### [Task requirements]
Find the line that contains "广东特产竹蜂盐枇杷干罐装纯手工制作无添加剂办公室健康零食". Copy it and every line after it to the end of the material below, exactly, with no pictures.

---- Information shown

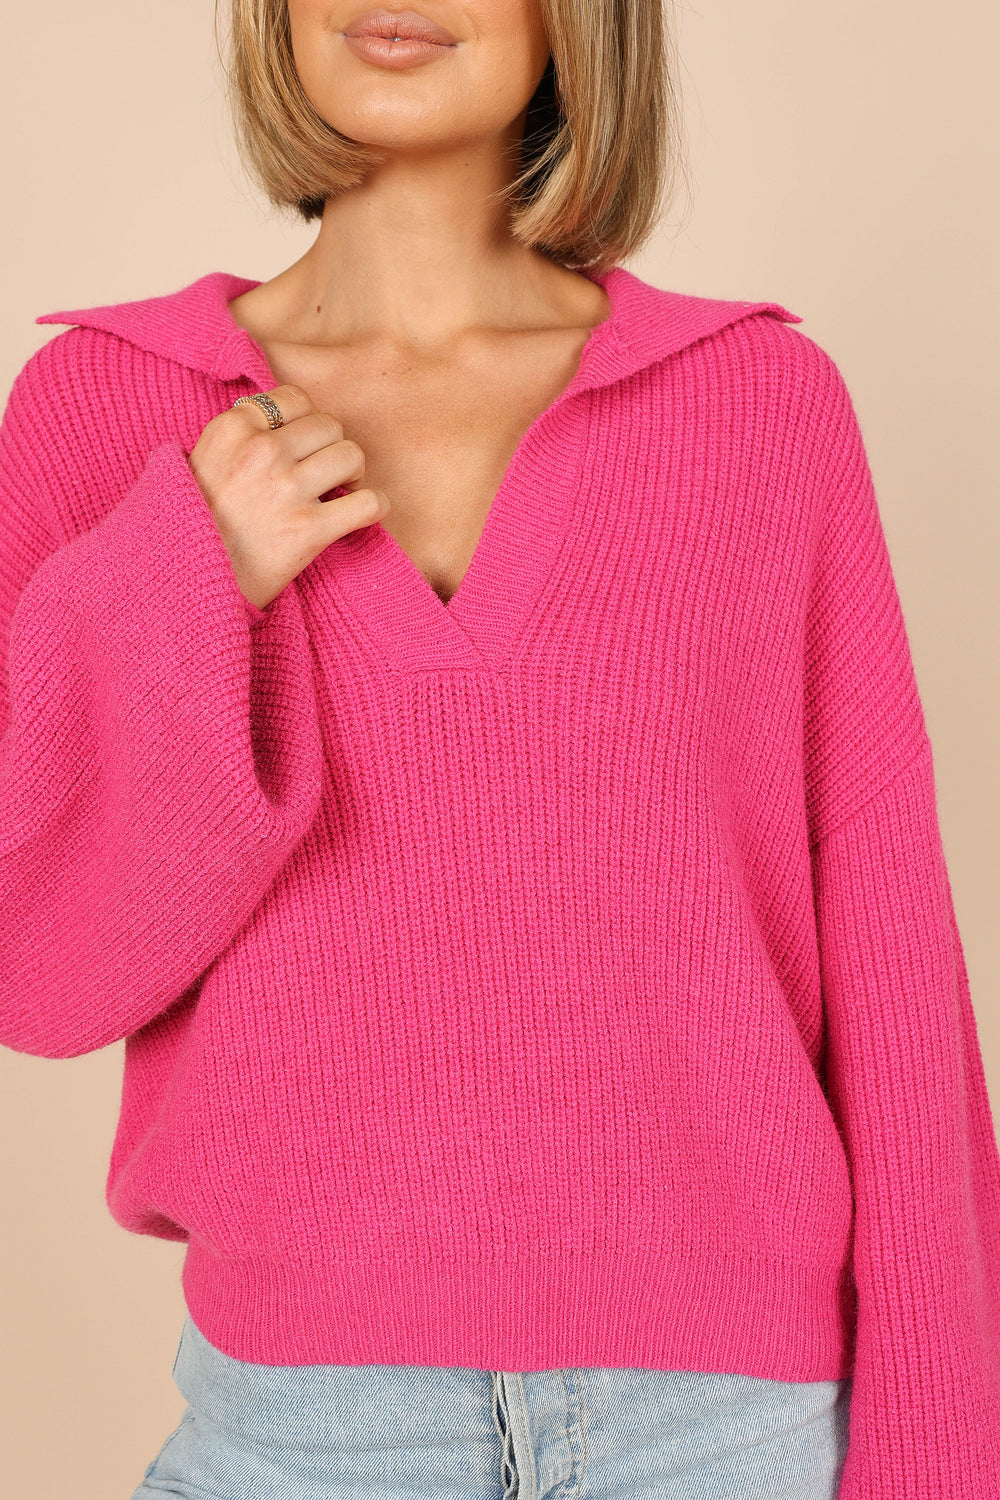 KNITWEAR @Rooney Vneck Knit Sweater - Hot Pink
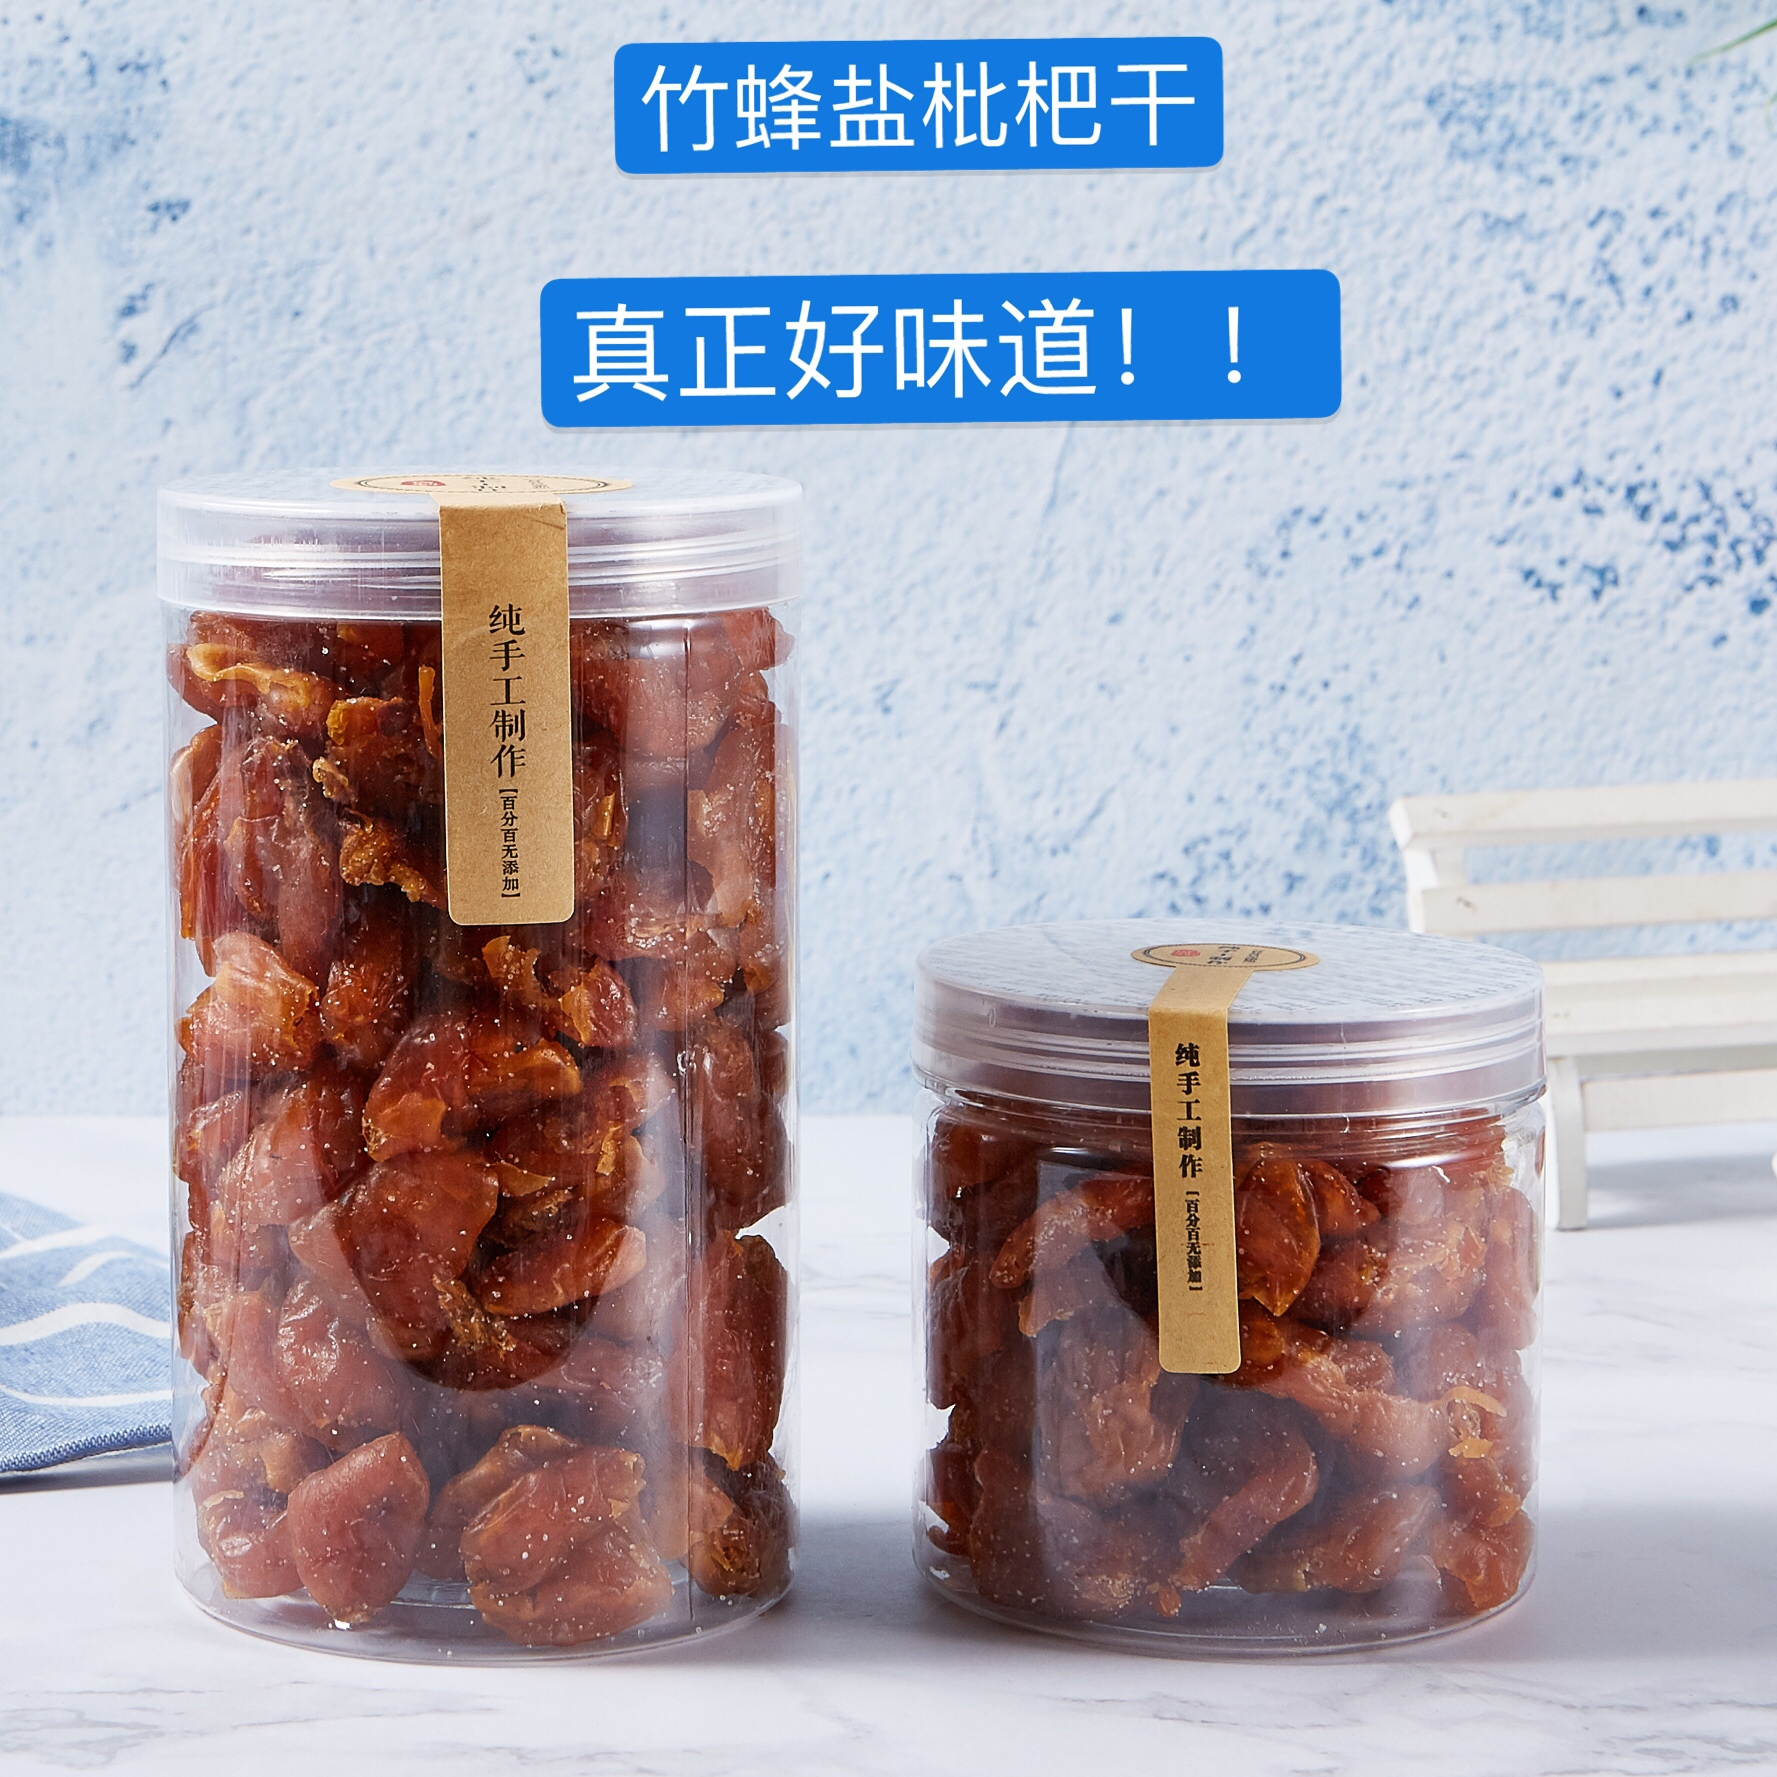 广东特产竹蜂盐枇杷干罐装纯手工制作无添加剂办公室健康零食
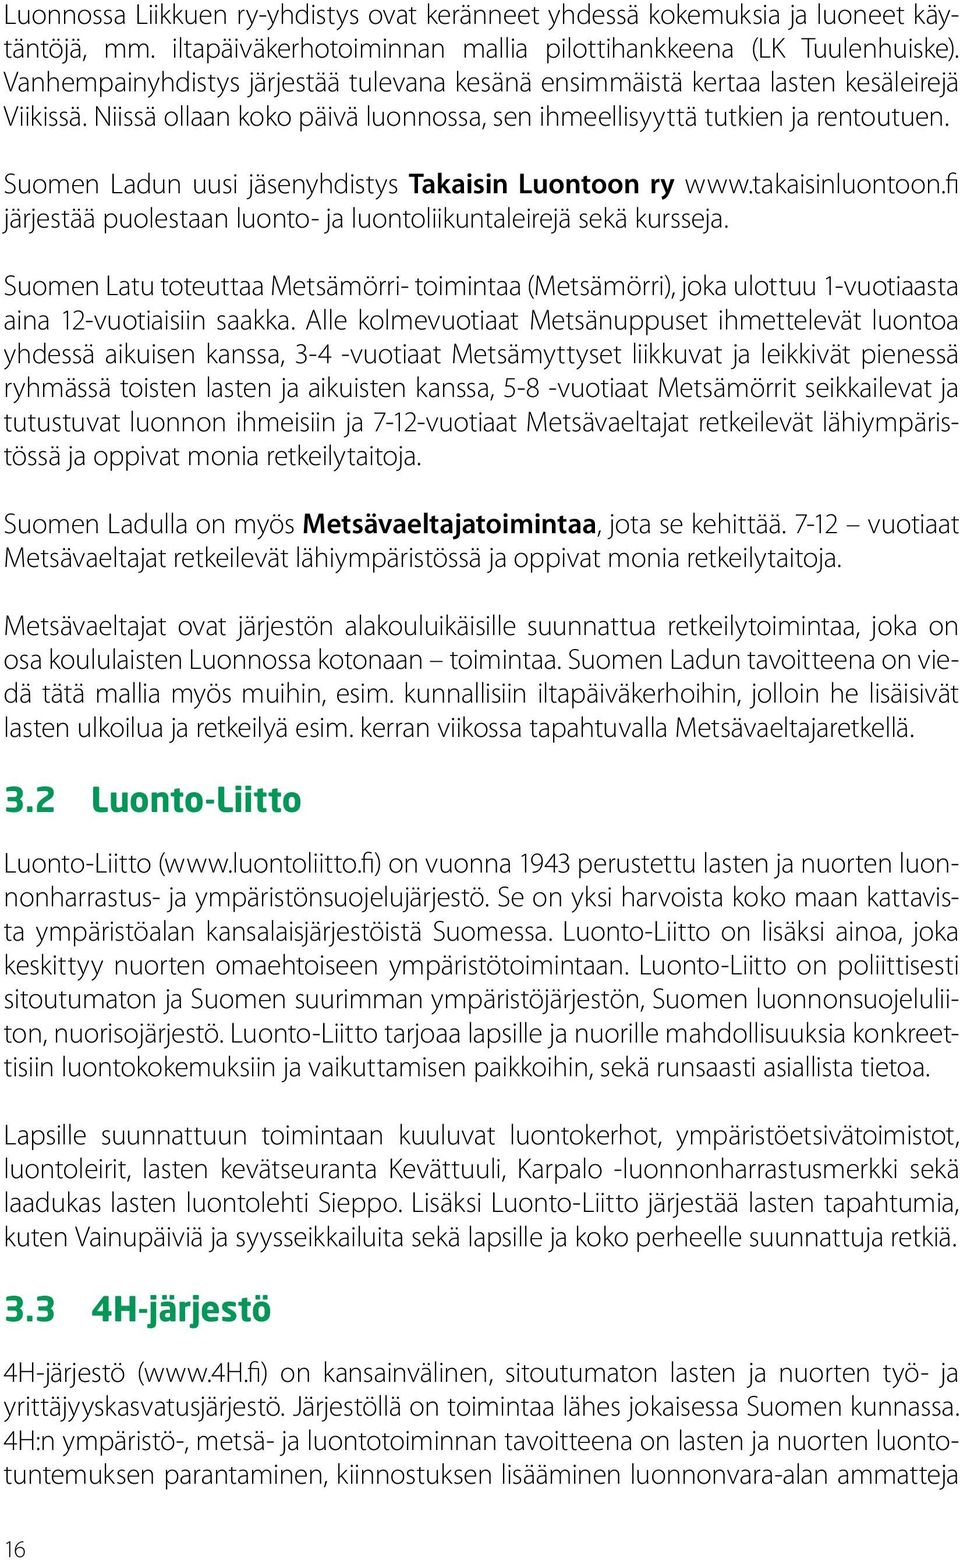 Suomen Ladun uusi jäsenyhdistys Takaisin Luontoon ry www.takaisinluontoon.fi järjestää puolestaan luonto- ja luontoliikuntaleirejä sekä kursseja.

--------

### [Task response]
 广东特产竹蜂盐枇杷干罐装纯手工制作无添加剂办公室健康零食
 Suomen Ladun uusi jäsenyhdistys Takaisin Luontoon ry www.takaisinluontoon.fi järjestää puolestaan luonto- ja luontoliikuntaleirejä sekä kursseja.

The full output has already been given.